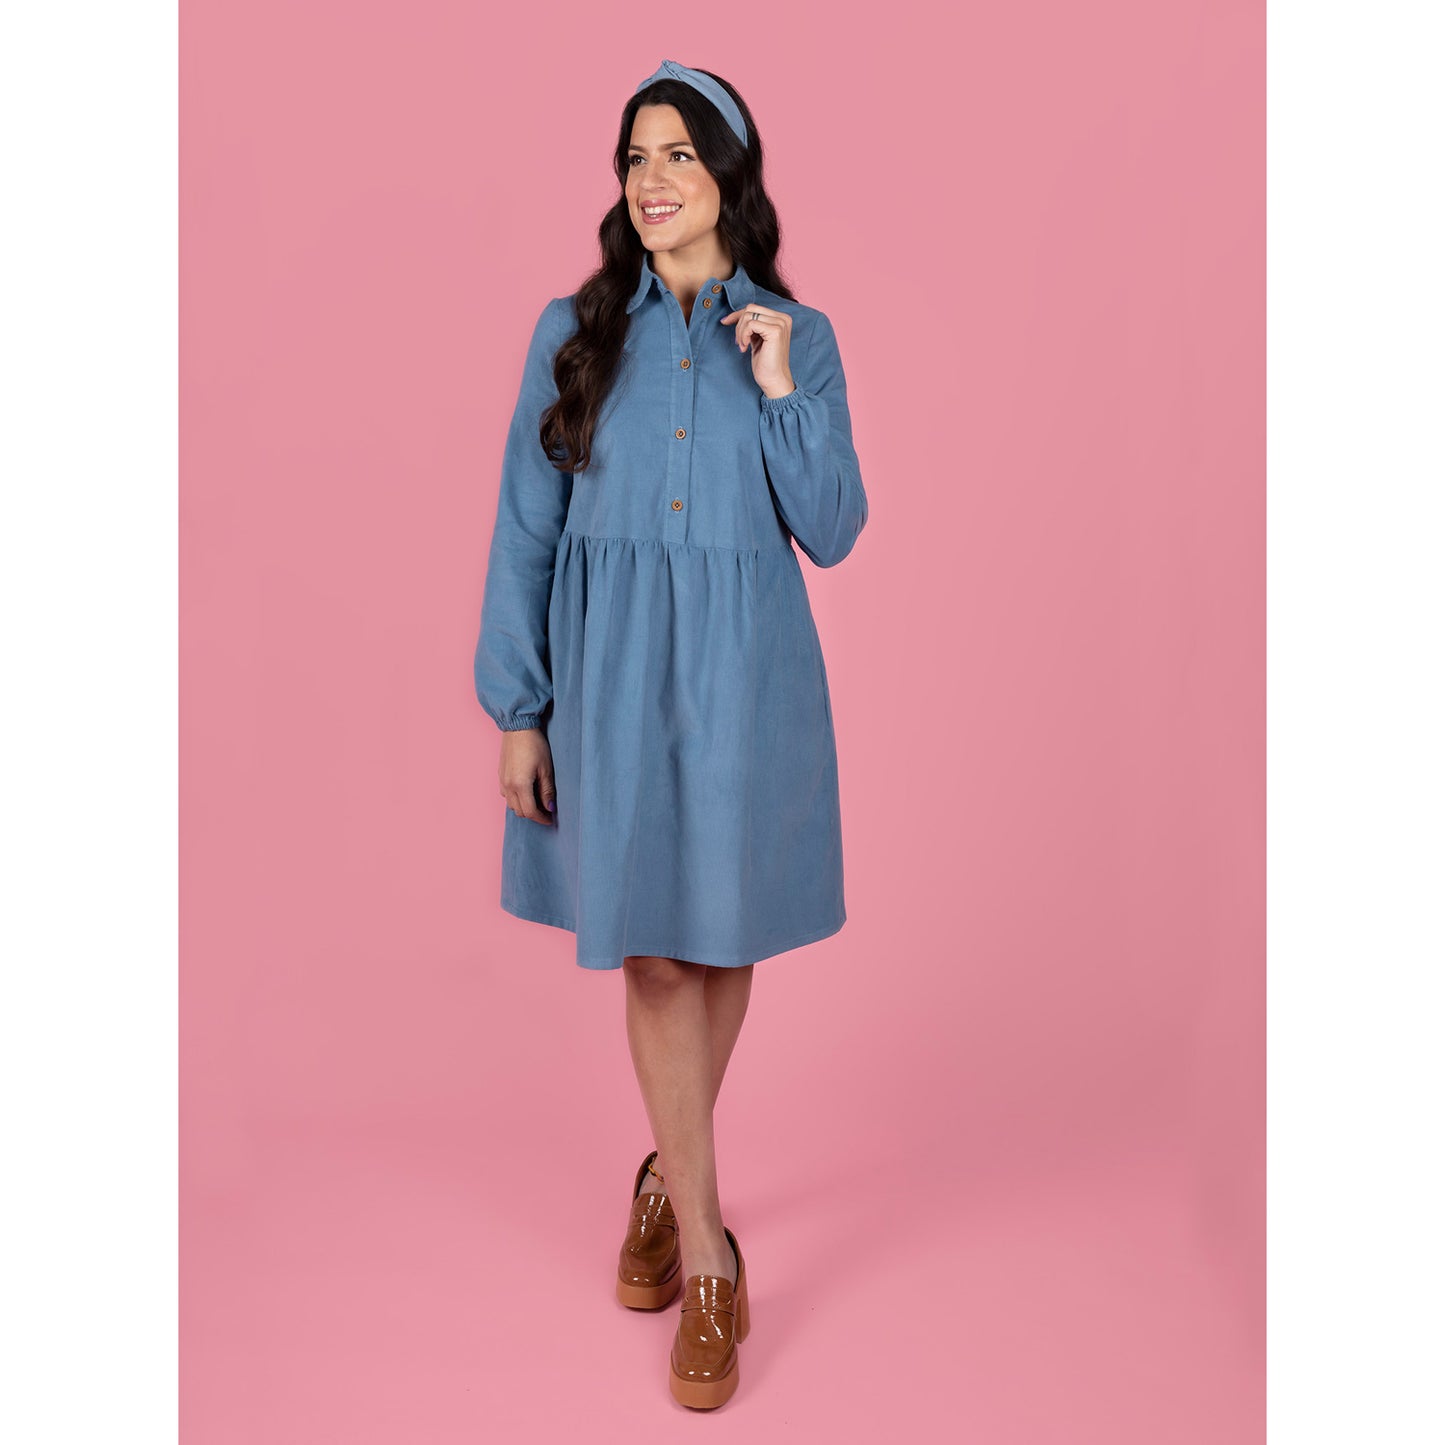 Lyra Shirt Dress Sewing Pattern - Tilly and the Buttons
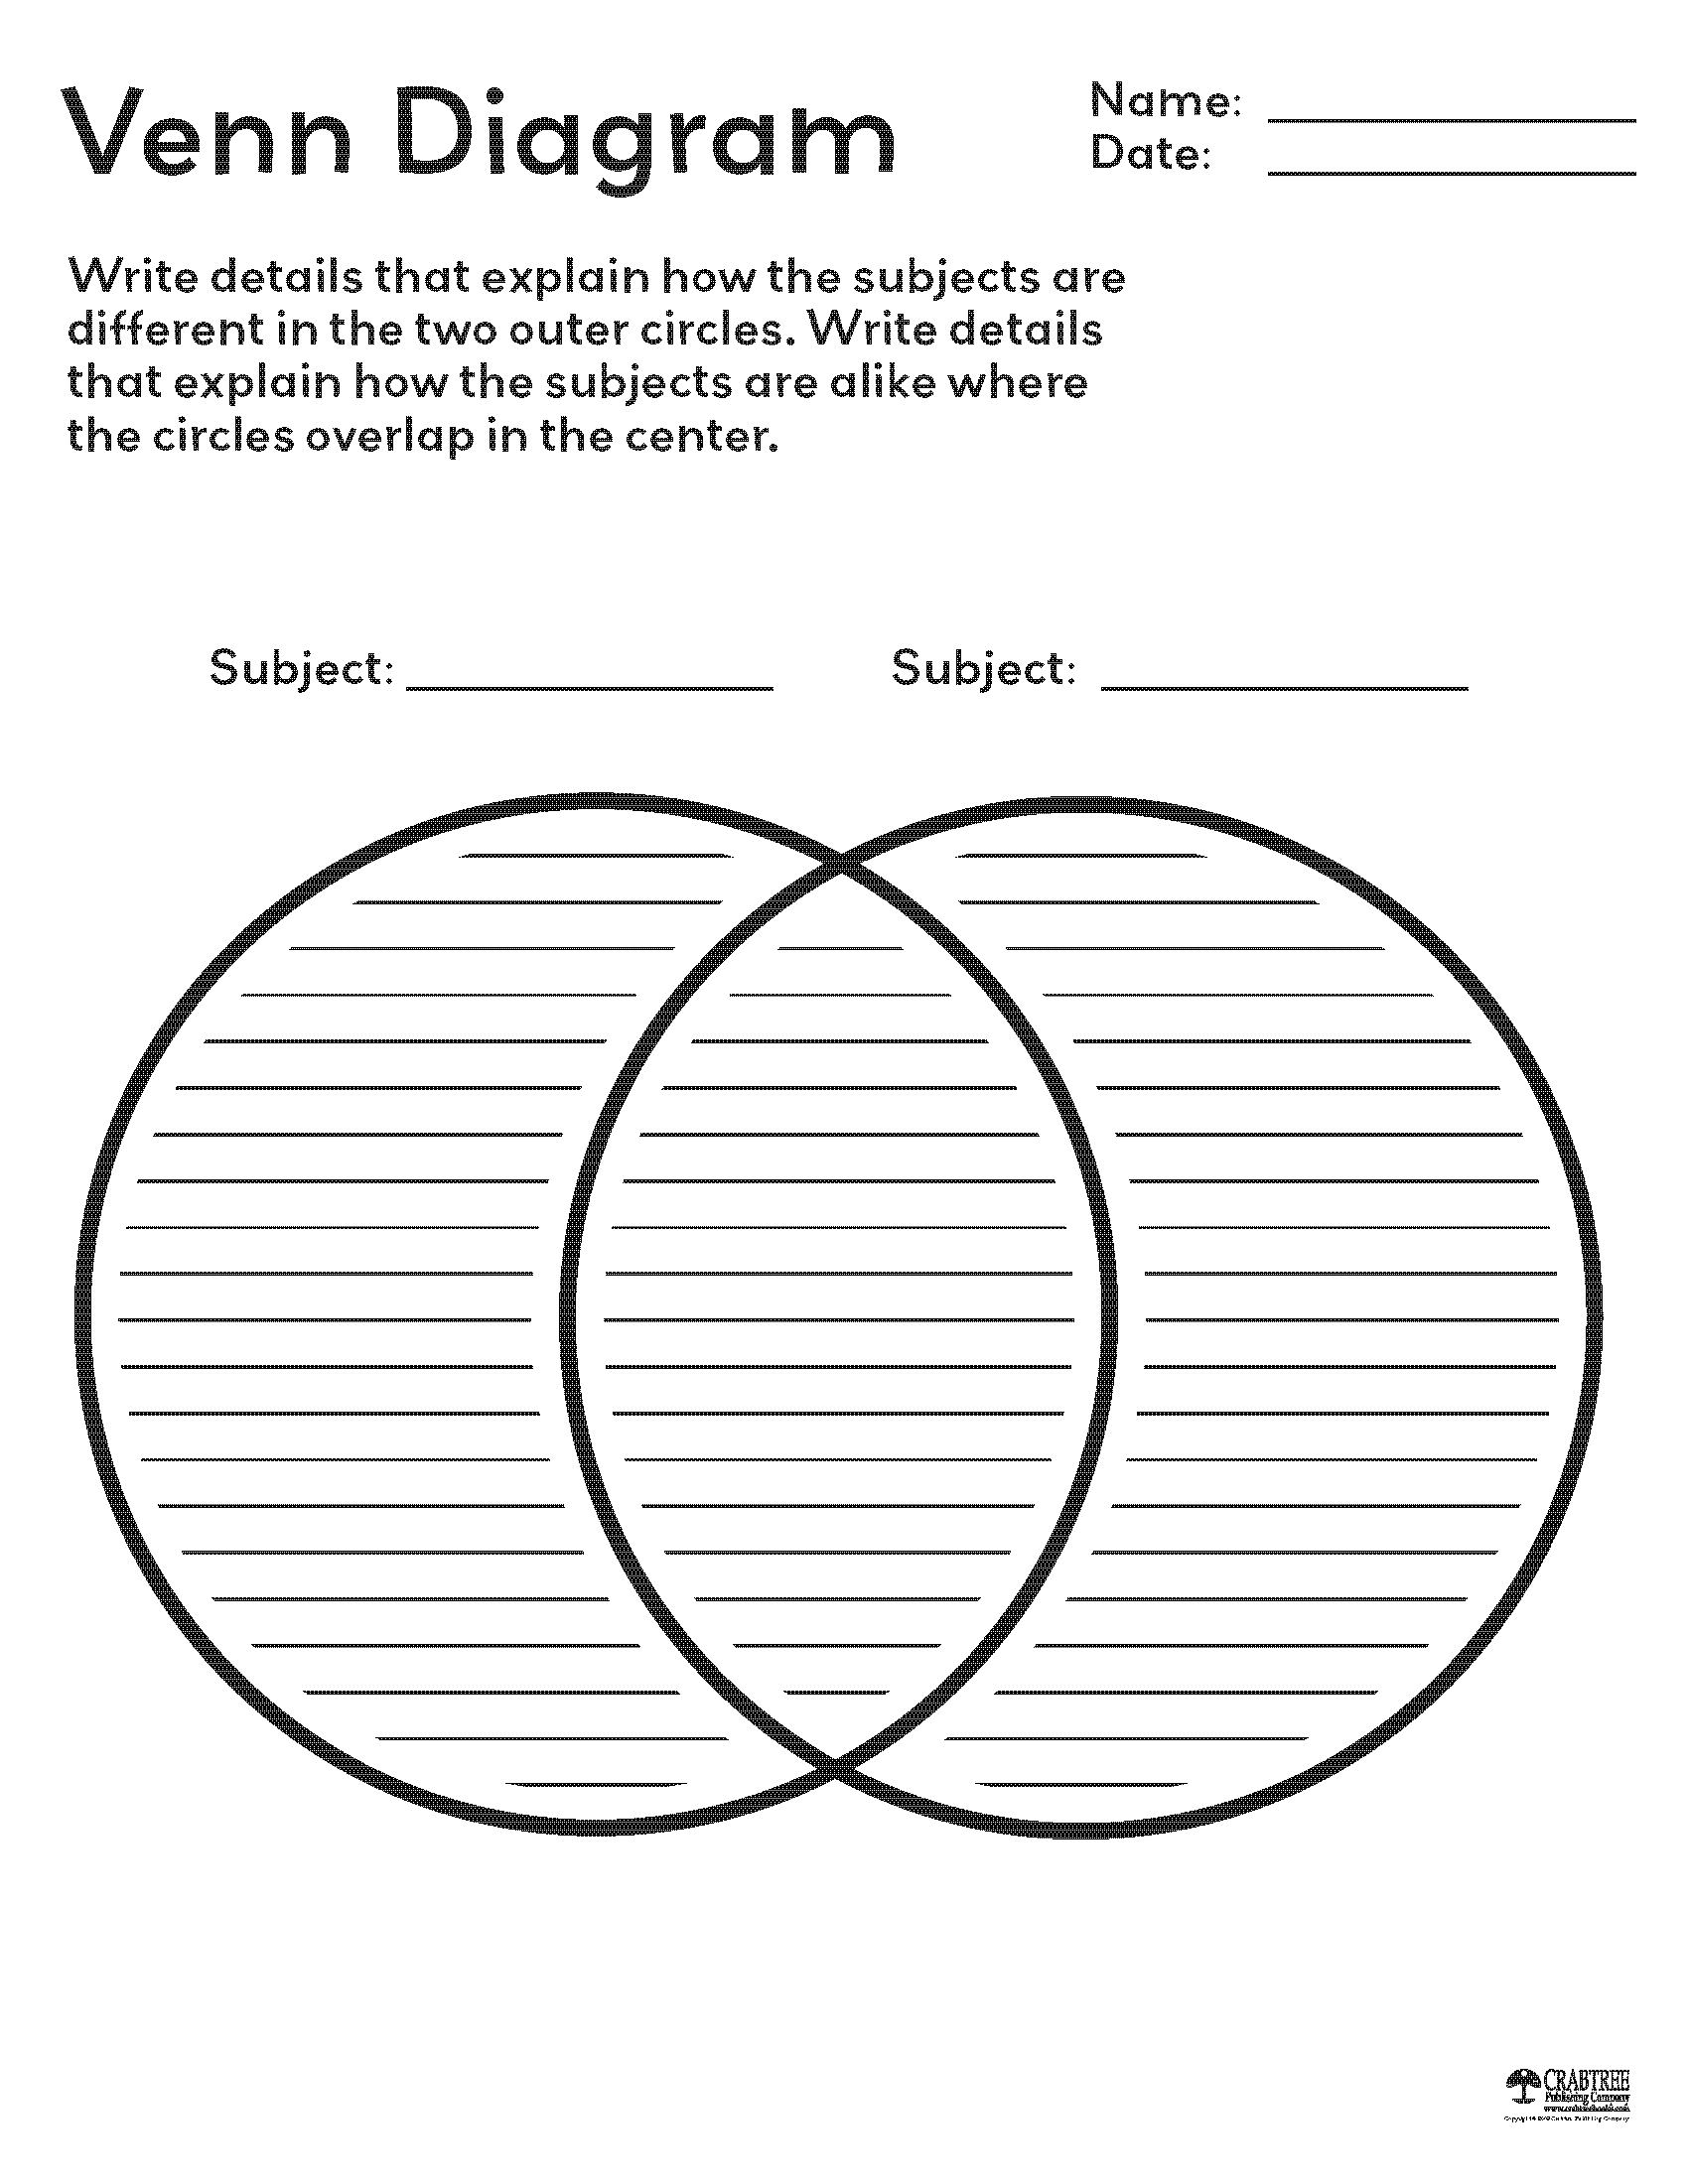 Free Printable Graphic Organizers From Crabtree Publishing | 3Rd - Free Printable Graphic Organizers
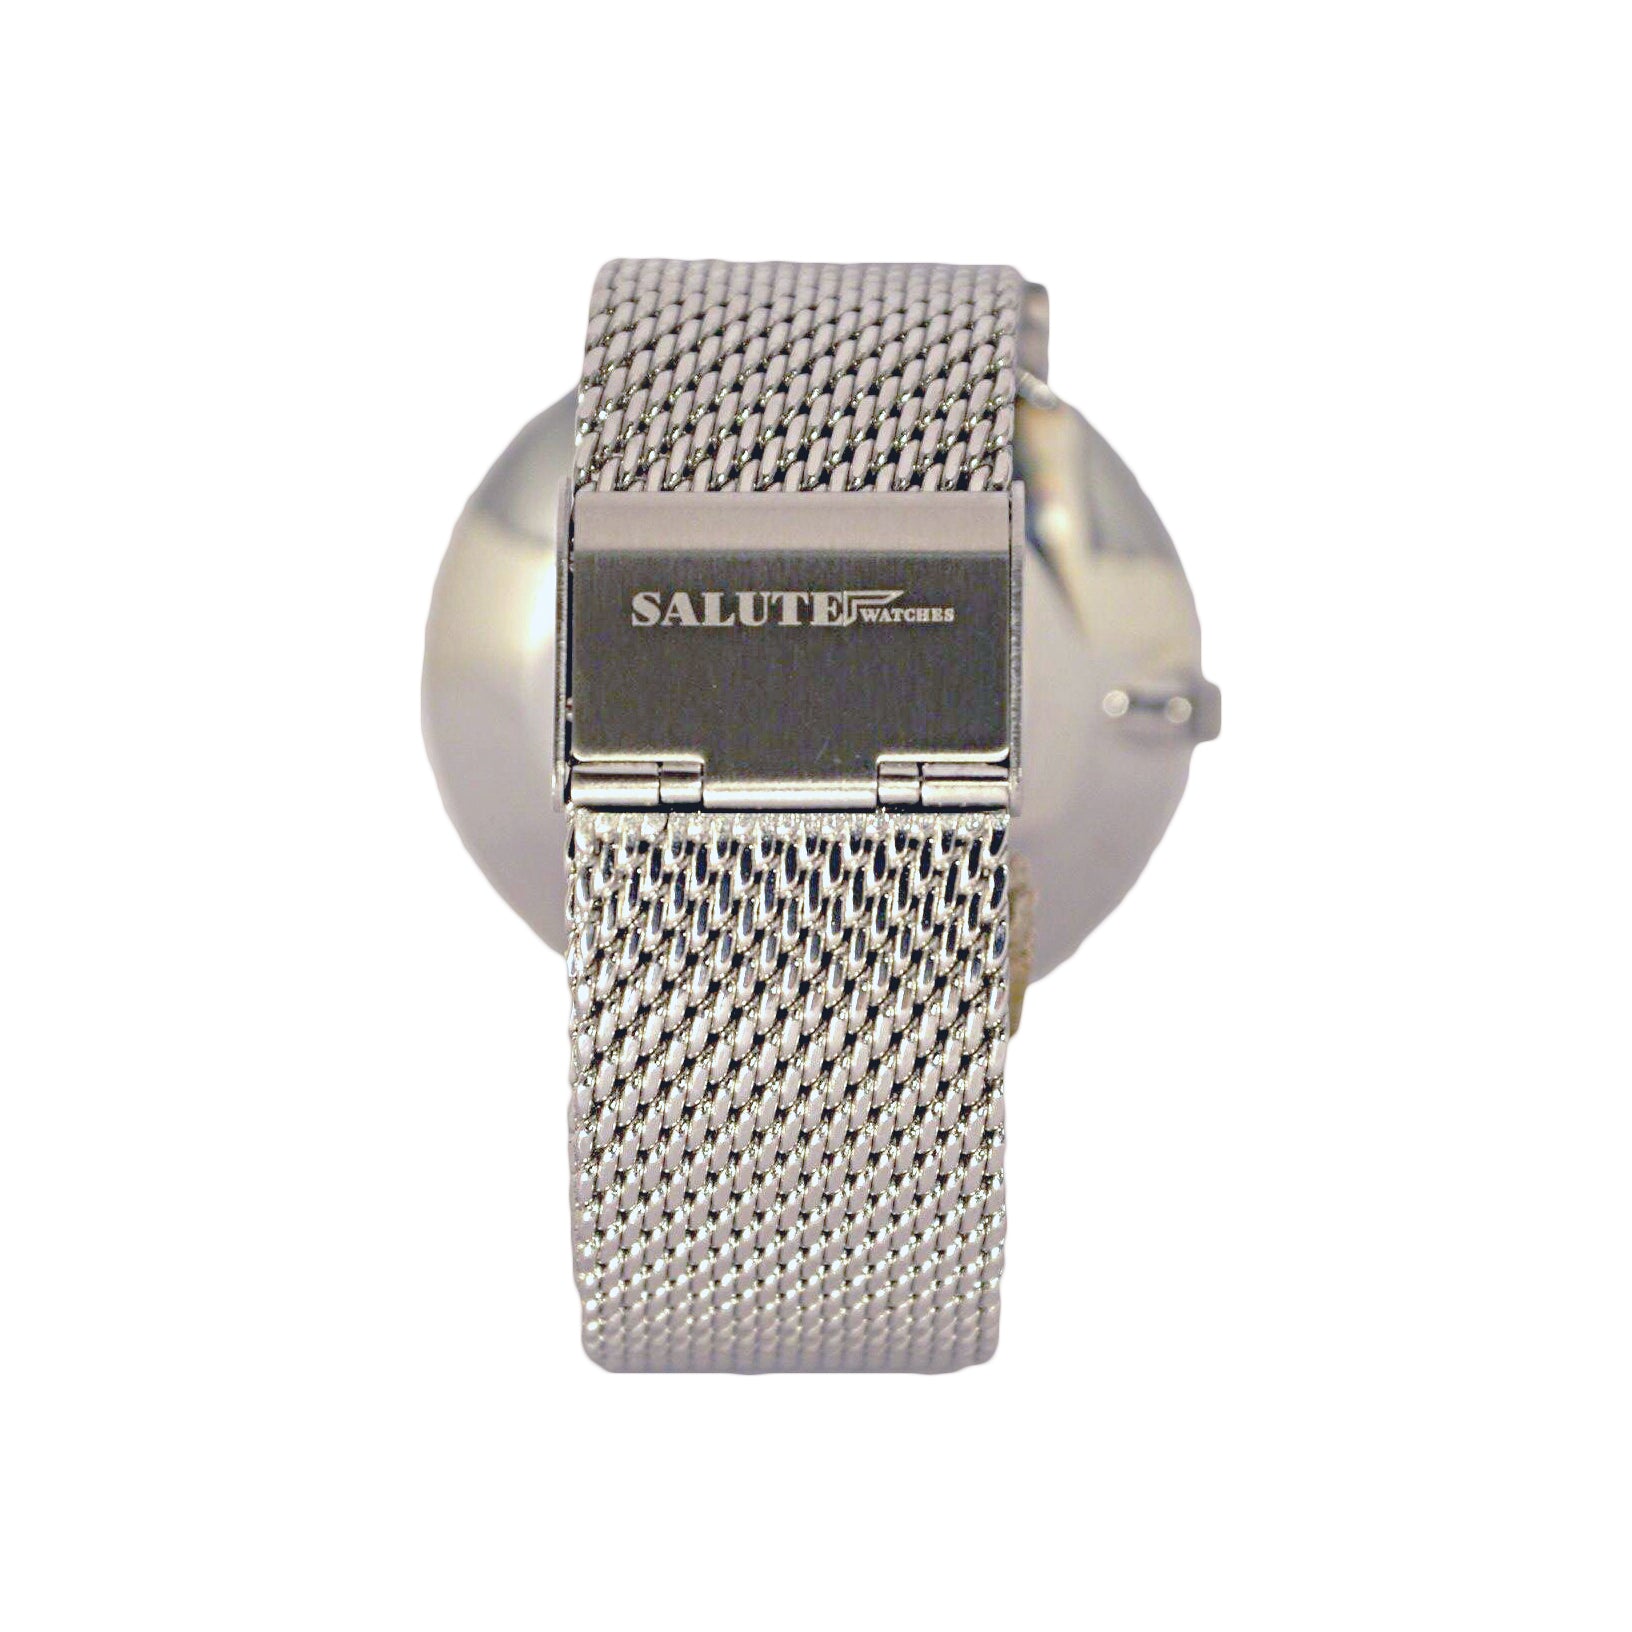 Salute Silver features premium stainless steel casing accompanied with a precise Miyota quartz movement.

*TASK ITEM*: Would you set down the material exactly as it stands, without the pictures?

*RESPONSE AREA*:
 Lyra Shirt Dress Sewing Pattern - Tilly and the Buttons
 Free Printable Graphic Organizers From Crabtree Publishing | 3Rd - Free Printable Graphic Organizers
 Salute Silver features premium stainless steel casing accompanied with a precise Miyota quartz movement.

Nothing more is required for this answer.